### PROVIDED DATA
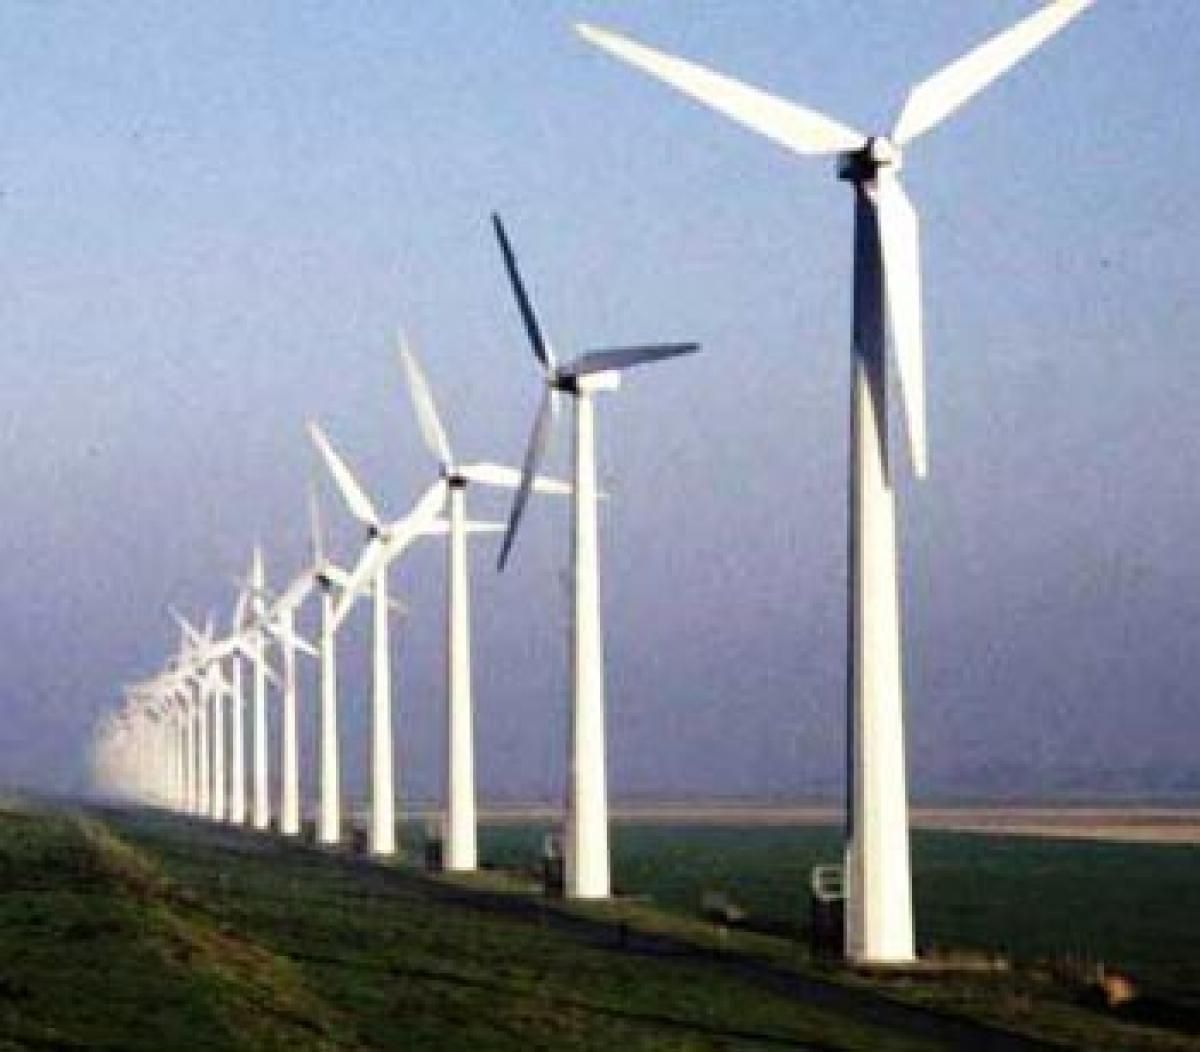 Wind turbine firms seek more tariff in TS
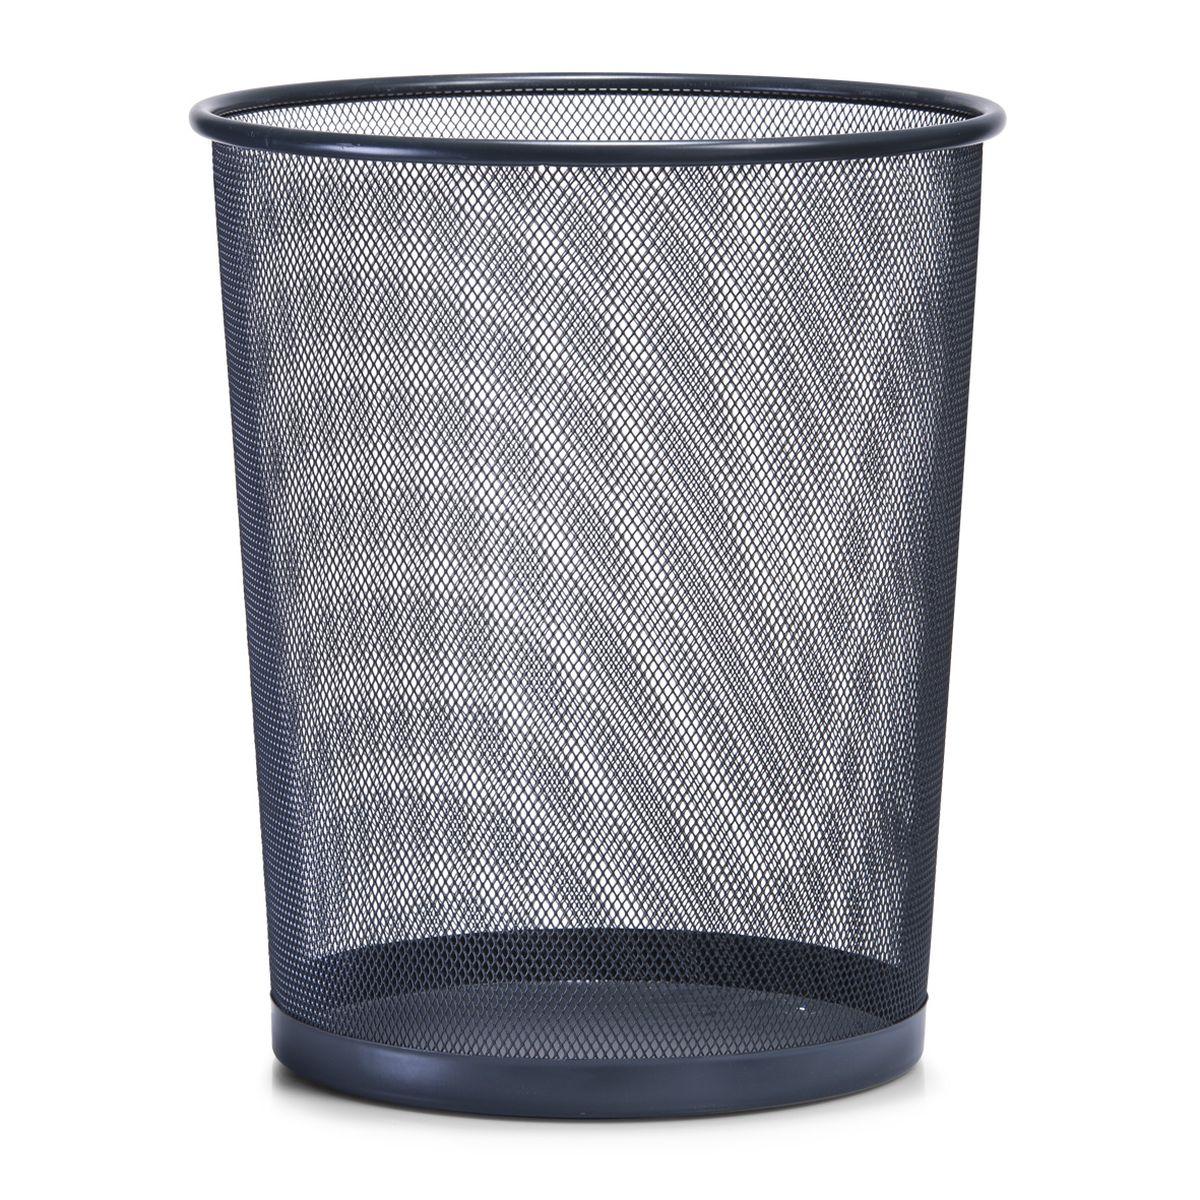 Корзина для мусора Zeller, 29,5 х 35 см корзина для мусора kassatex kensington aks wb
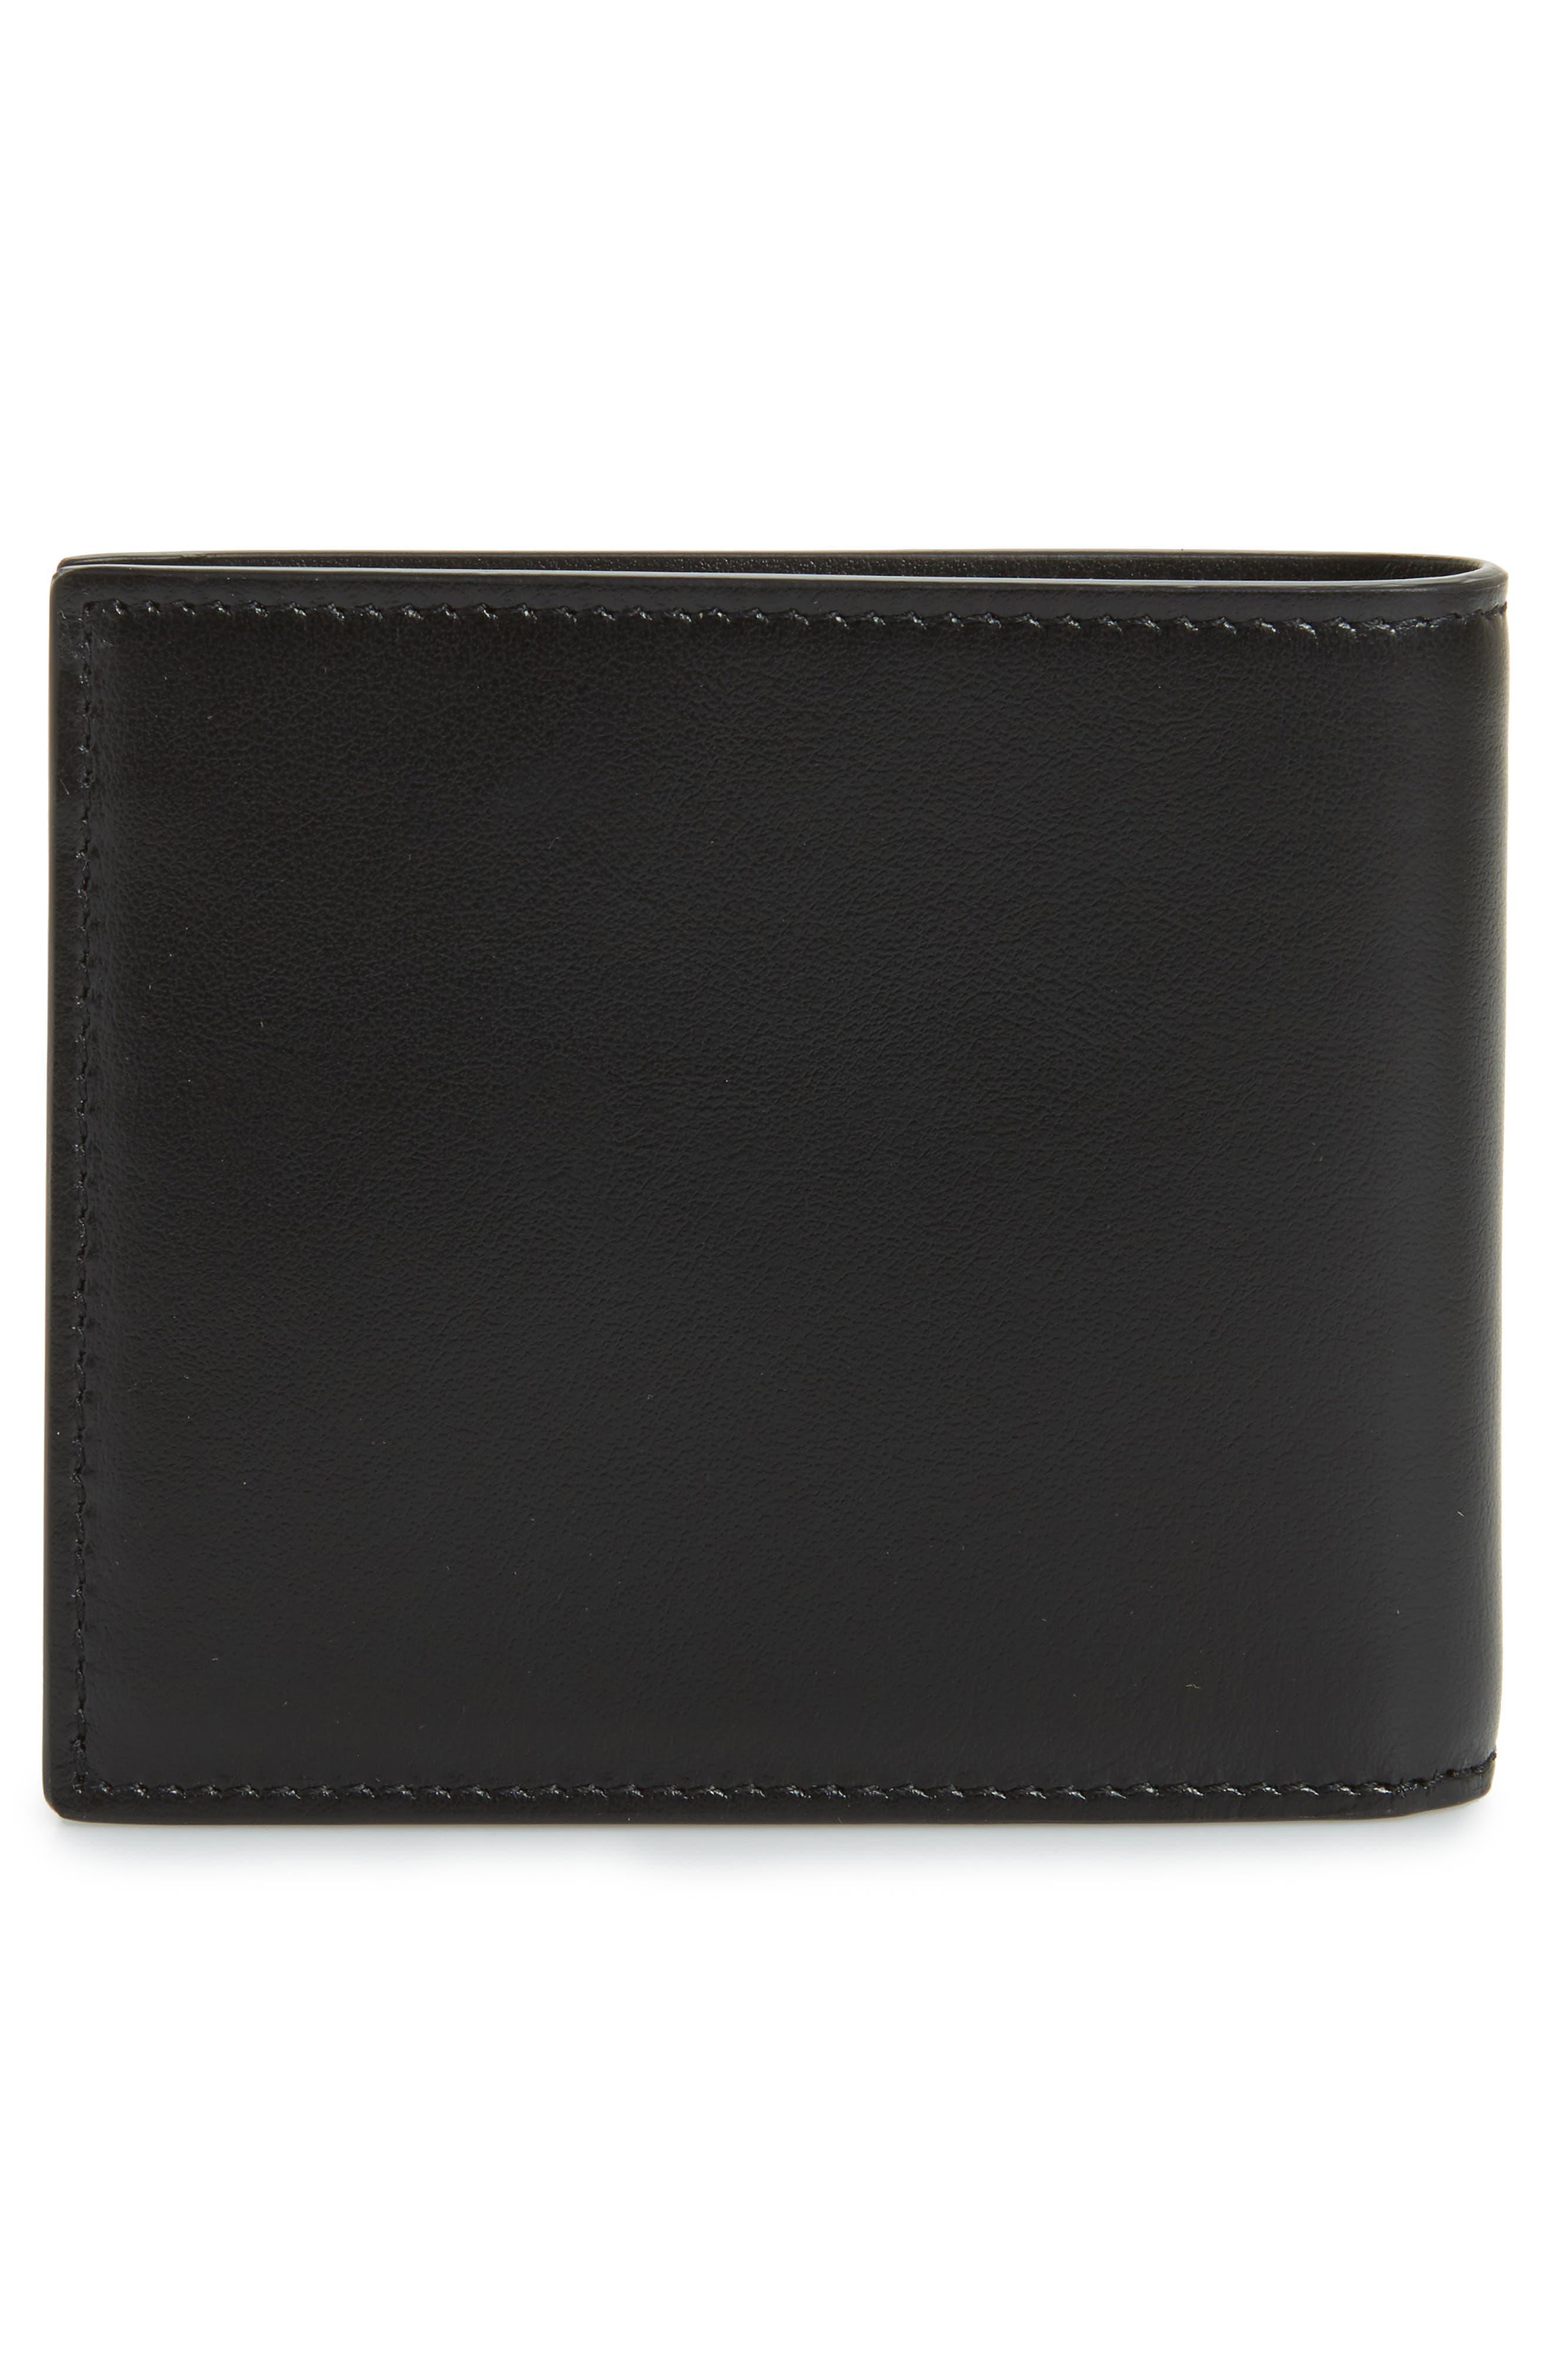 East/West Leather Wallet,                             Alternate thumbnail 3, color,

### TASK TO COMPLETE
Hand back the data above exactly, with no images.

### RESULT FOR THIS EXERCISE
 Wind turbine firms seek more tariff in TS
 Корзина для мусора Zeller, 29,5 х 35 см корзина для мусора kassatex kensington aks wb
 East/West Leather Wallet,                             Alternate thumbnail 3, color,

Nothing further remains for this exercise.